So, I've always played final fantasy 7 and X since I was about 6 or 7. I've always found the games to be fun. I had never played 8, though. My brother had always played it, I never had.
As of a few weeks ago(and all time up until then) Final Fantasy 7 had been my favorite of all time. Favorite Video Game, that is.
Recently, I've been playing Final Fantasy VIII. I'm on the third disc.
I'm really contemplating whether VII or VIII is my favorite.
VIII has such a heart touching story line, and music. VII does too, But I've been very sad about VIII lately. I mean, I'm in good shape, and I have good Mental / Social health, but The game is honestly making me really sad.
It's so heart touching.
I mean, How Squall is learning how to become more sensitive and he learns that he's always going to have his friends there for him,
and the relationship between him and Rinoa,
and How Laguna loves Ellone and Raine so much.
I always listen to the song "Fragments of Memories" which plays when Laguna is in Winhill(I believe it's the Third "dream world" experience).
I'm honestly really sad. I've really really wanted to come to someone and tell them about how I felt, But knowing my group of friends(who are , when I think about it, pretty shady) they would probably just laugh at me and think I was strange.
I can't help it though. I'm so emotionally attached to the story and the characters. I wish it was real.

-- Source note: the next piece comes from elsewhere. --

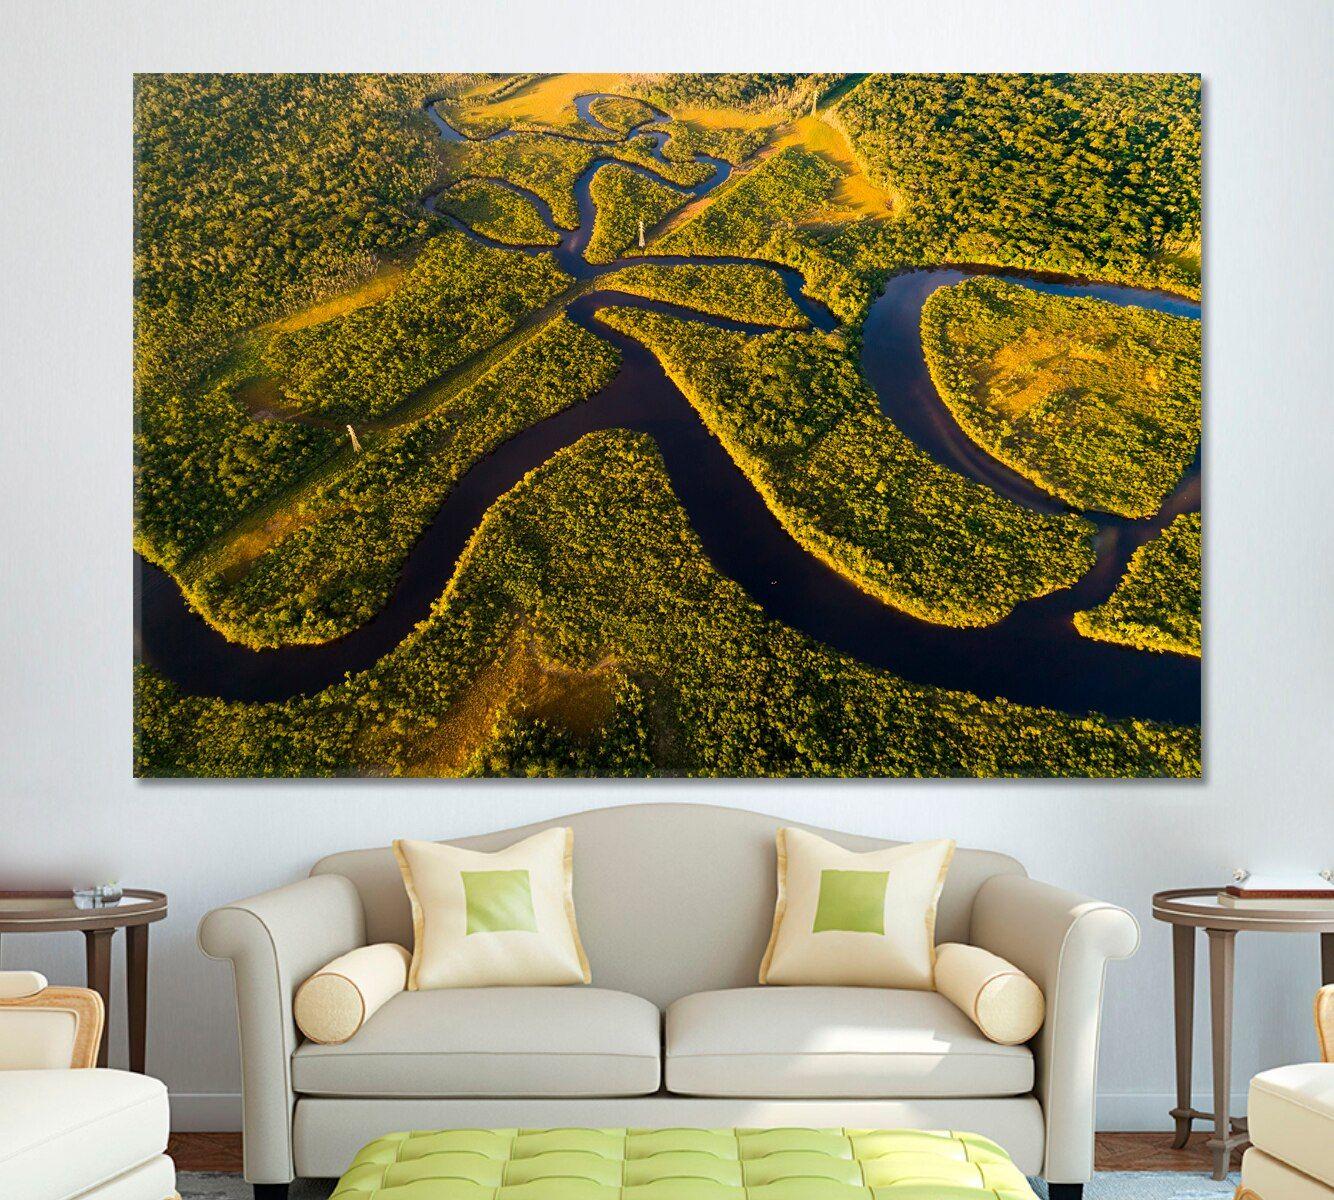 Amazon Rainforest In Brazil Amazon Rainforest Canvas Prints

Maybe I sound strange. I'm sorry guys. But You're all obviously here because you share the same interest that I do : Creation. Whether it's music, gaming, RGSS, writing, or anything along those lines. You're here because you like one of those or you like helping the people that do like those types of things. It saddens me, too, because I really wish that I had friends like you guys , where I could talk about these kinds of things to and not be judged for it. I know that VIII has an ultimate happy ending, but still, Listening to the Music from the game makes me really sad and I reflect on my life and how it's not been going so good.
What are you opinions? On the game and on the way I feel?